# Assignment:
Leave the pictures out and print, word for word, the lines below from the one with "Kitchen, Recessed Lighting, White" through the final line.

# Given material:

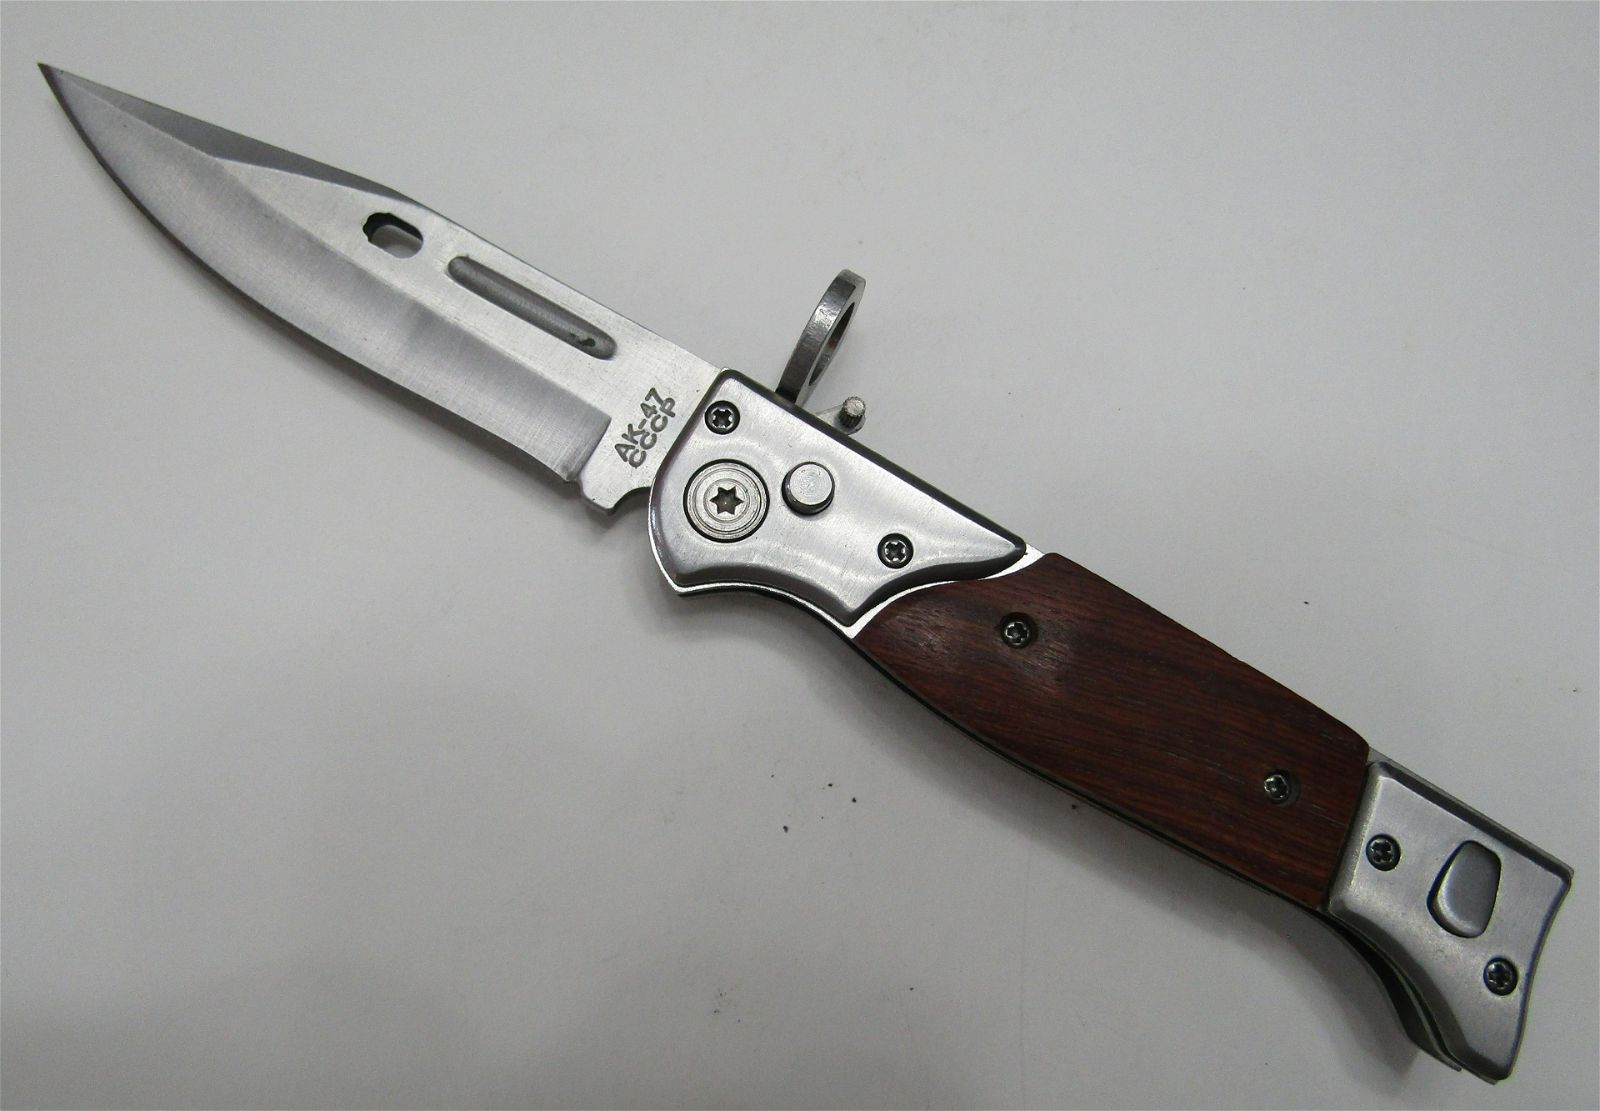 AK47 SWITCHBLADE BAYONET KNIFE
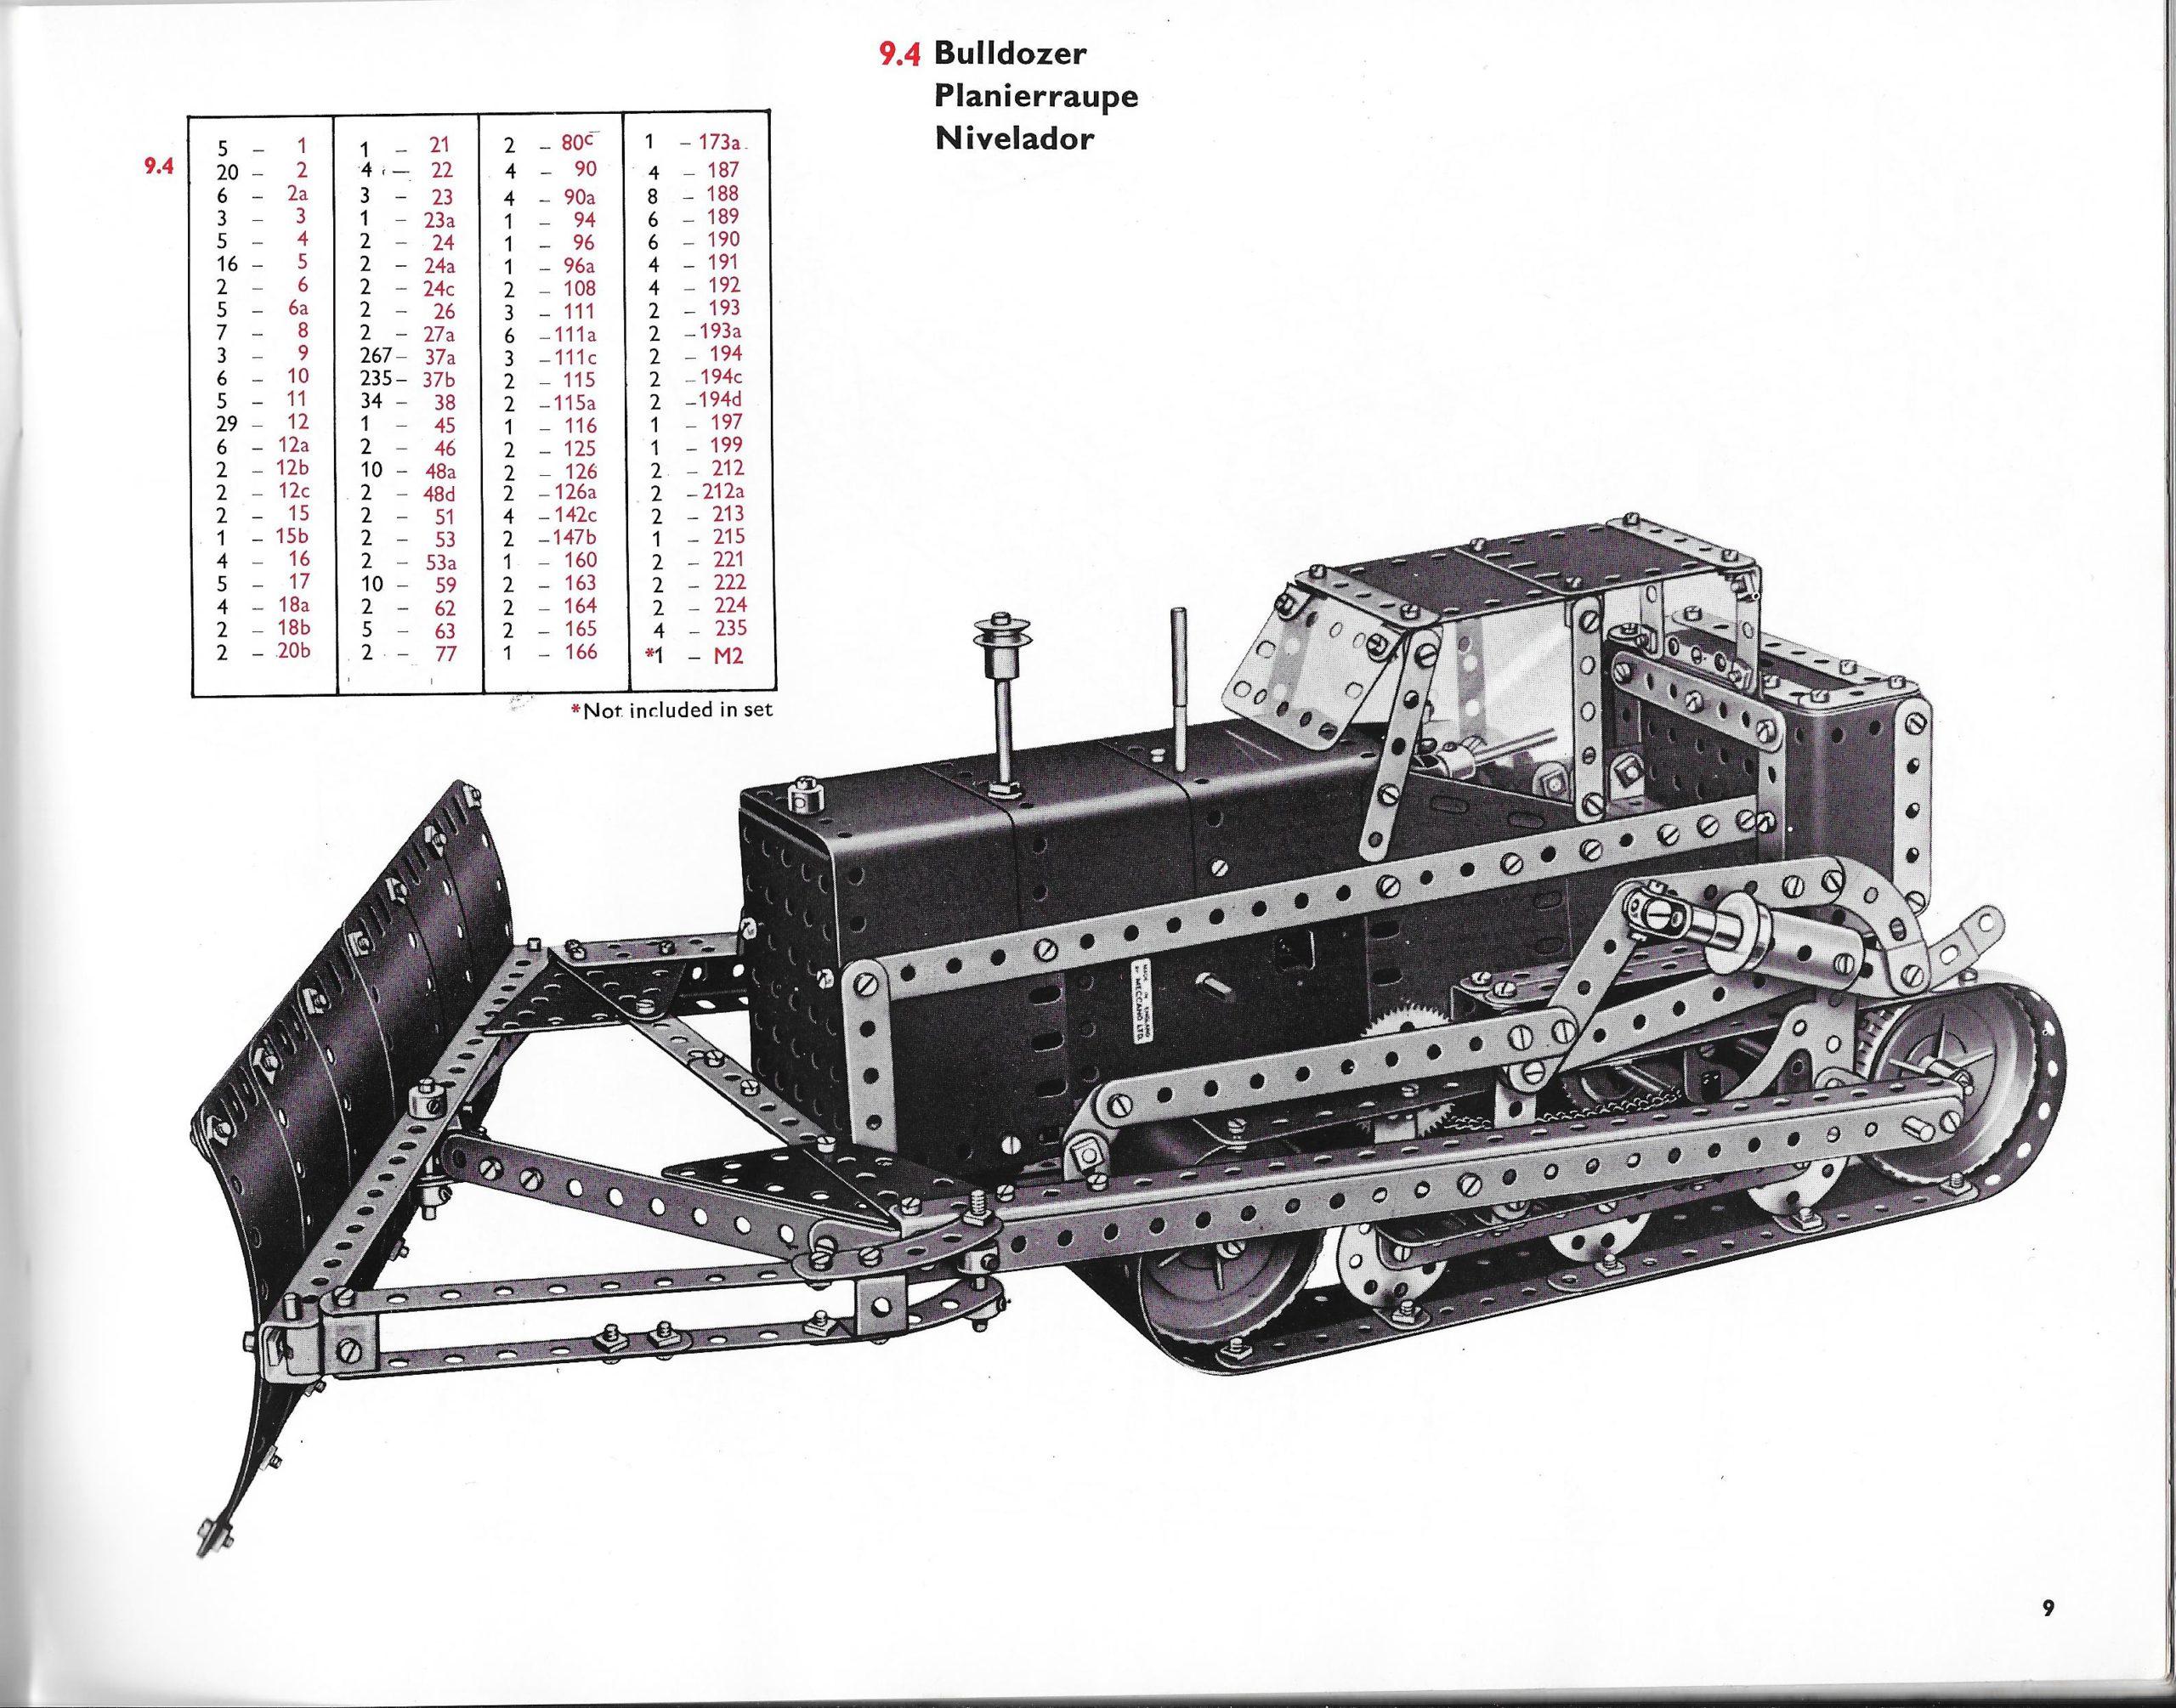 Bulldozer 9.4
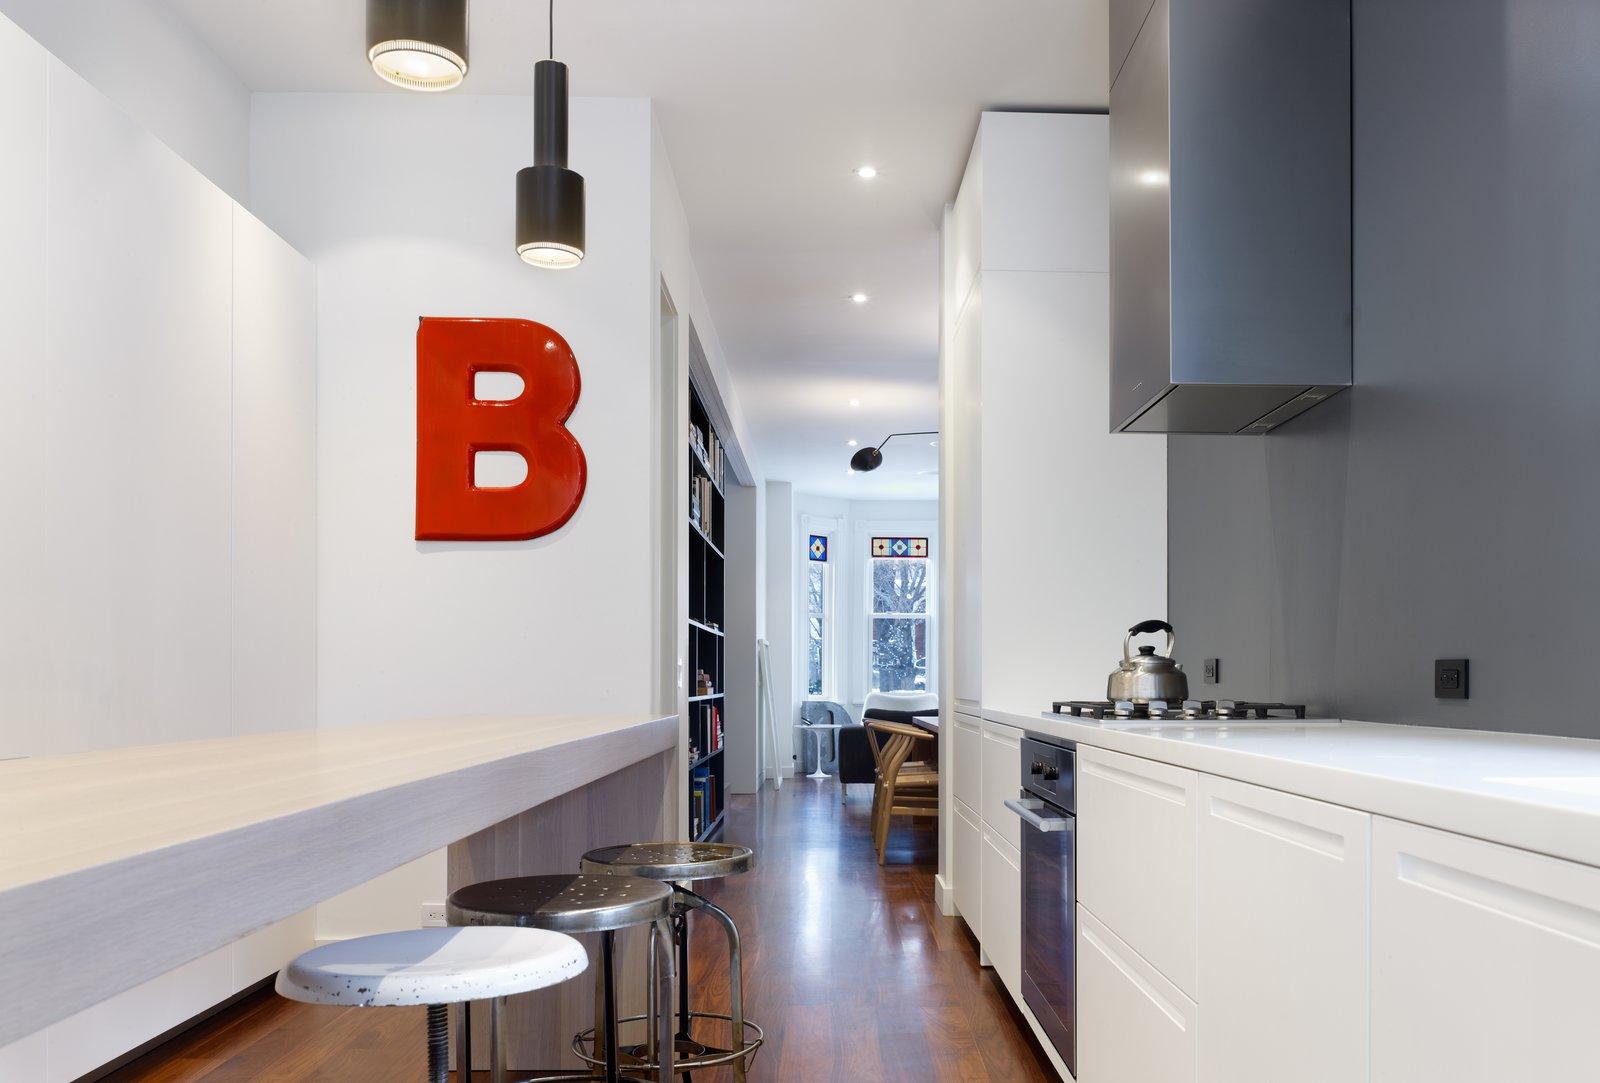 Kitchen, Recessed Lighting, White Cabinet, Range Hood, Cooktops, Range, Pendant Lighting, and Medium Hardwood Floor  Contrast House
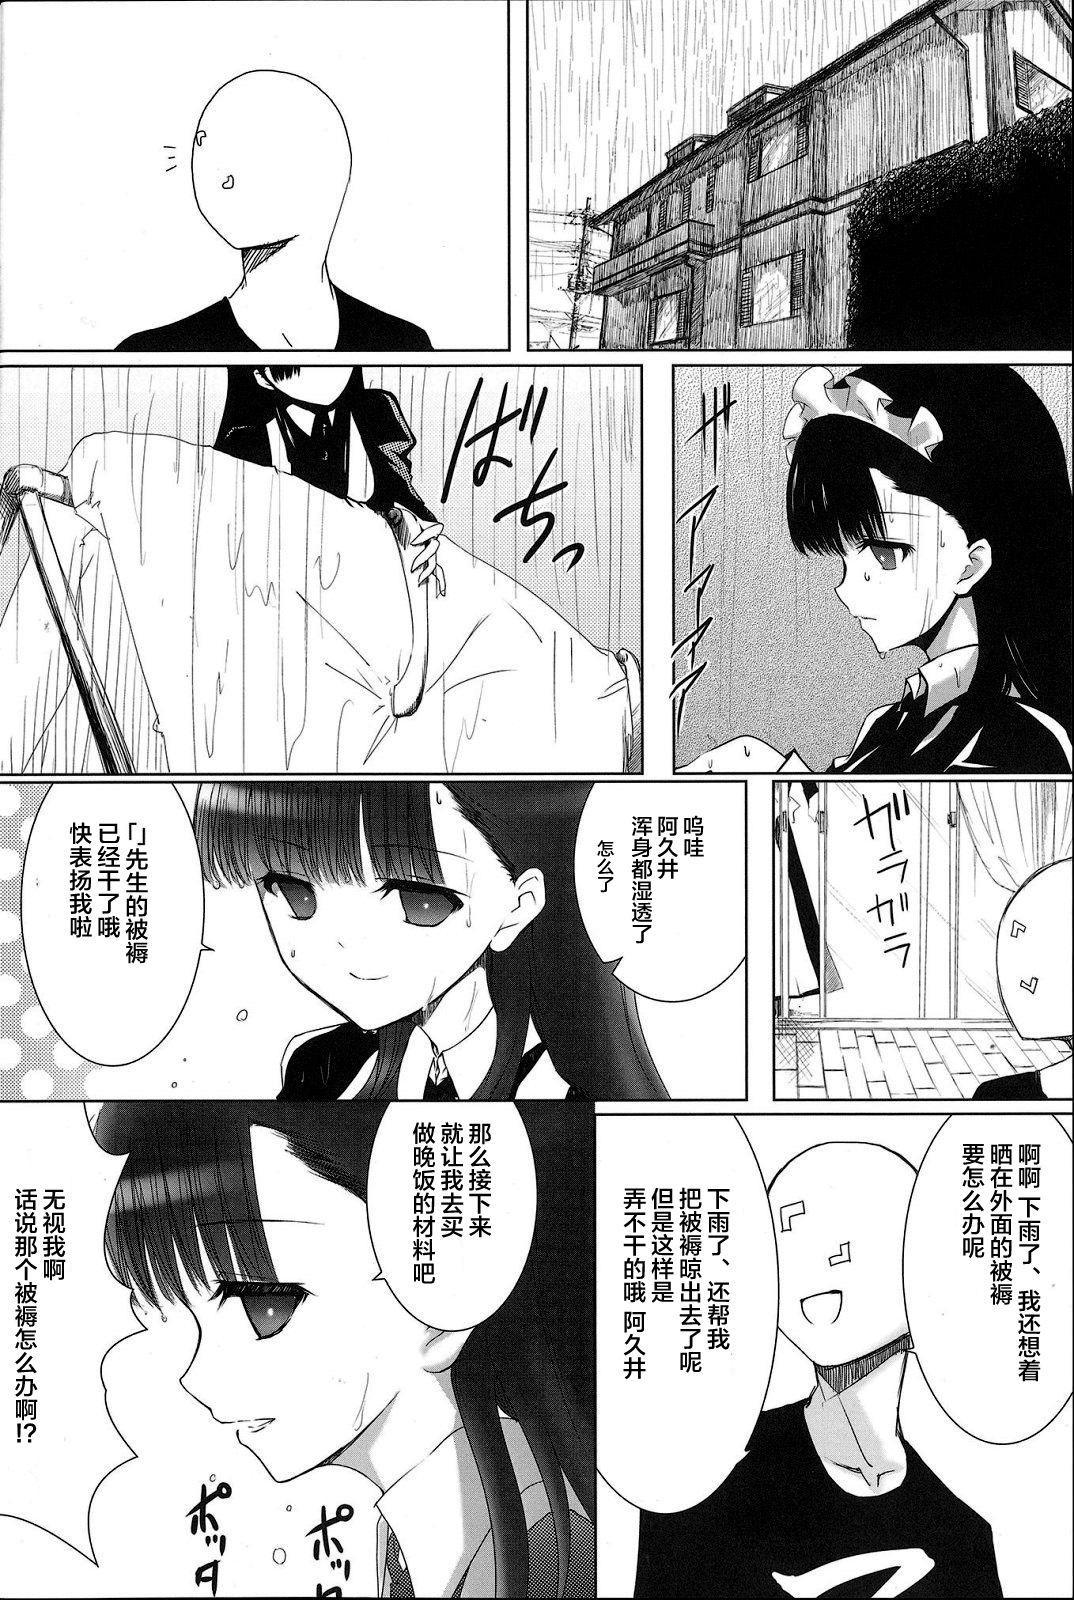 [Heikoushihenkei (Kawanakajima)] Akui-san ga Kaze hi-ta 1 [Chinese] [lolipoi汉化组] [2014-06-10] 3

# Result of the exercise:
 Kitchen, Recessed Lighting, White Cabinet, Range Hood, Cooktops, Range, Pendant Lighting, and Medium Hardwood Floor  Contrast House
 [Heikoushihenkei (Kawanakajima)] Akui-san ga Kaze hi-ta 1 [Chinese] [lolipoi汉化组] [2014-06-10] 3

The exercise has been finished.